Hi novice. We just had this one last week. Someone said you could grow easily from seed, I disagree. I've tried direct planting into a propagator and I've also tried the recommended method of cold stratifying. If you are indeed a total novice then don't worry about that, it involves chilling the seed first then taking it out of the fridge so it thinks it has just been through winter. The important thing is neither worked.

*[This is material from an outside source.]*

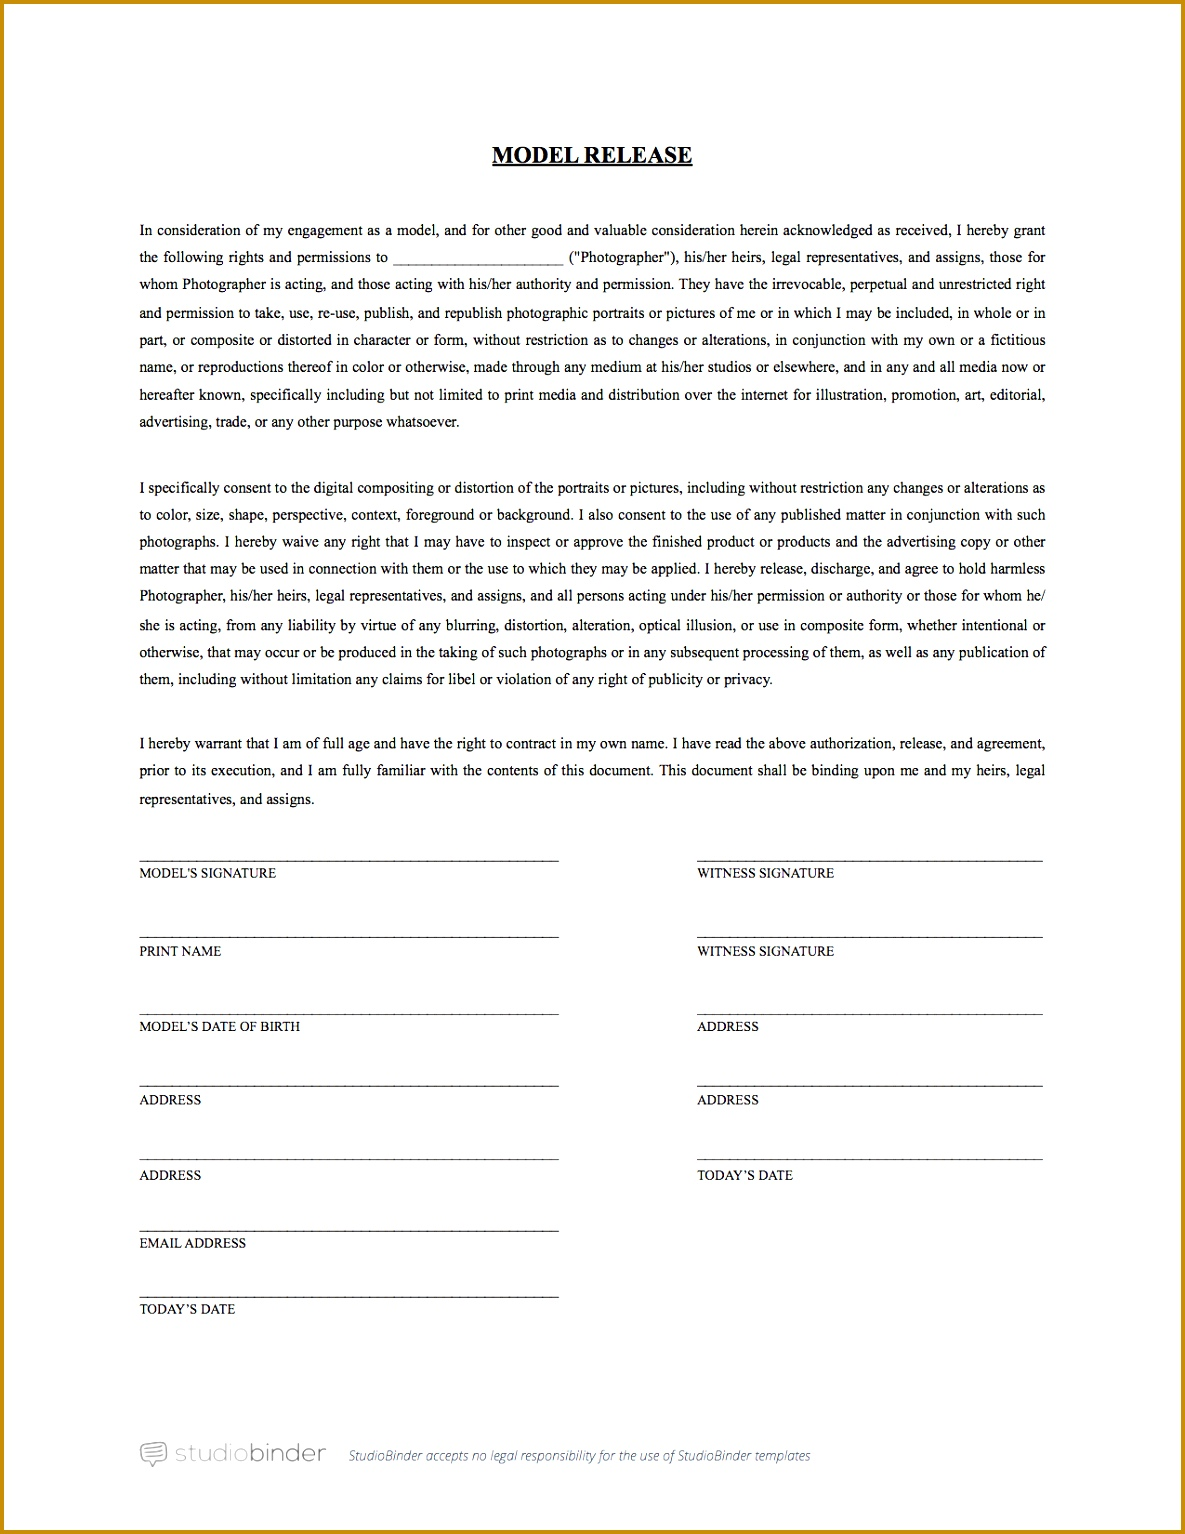 Model Release Form Template StudioBinder 15341185

So when I wanted some passiflora I went to a friend who had the ones I wanted and I took some cuttings. Those worked no problem. I suggest that you take the fruits with you just to try growing the seed inside them but that you also take some cuttings off your plant. It is quite easy. I could go into the various ways of taking cuttings but it's best if you know a keen gardener and ask them to do it for you. I thought everyone knew a keen gardener but if you don't then I suggest you look it up on the web by googling 'passiflora propagation' (it really is too big to cover here) or if you are really stuck just google 'plant cuttings' and try one or more of those methods.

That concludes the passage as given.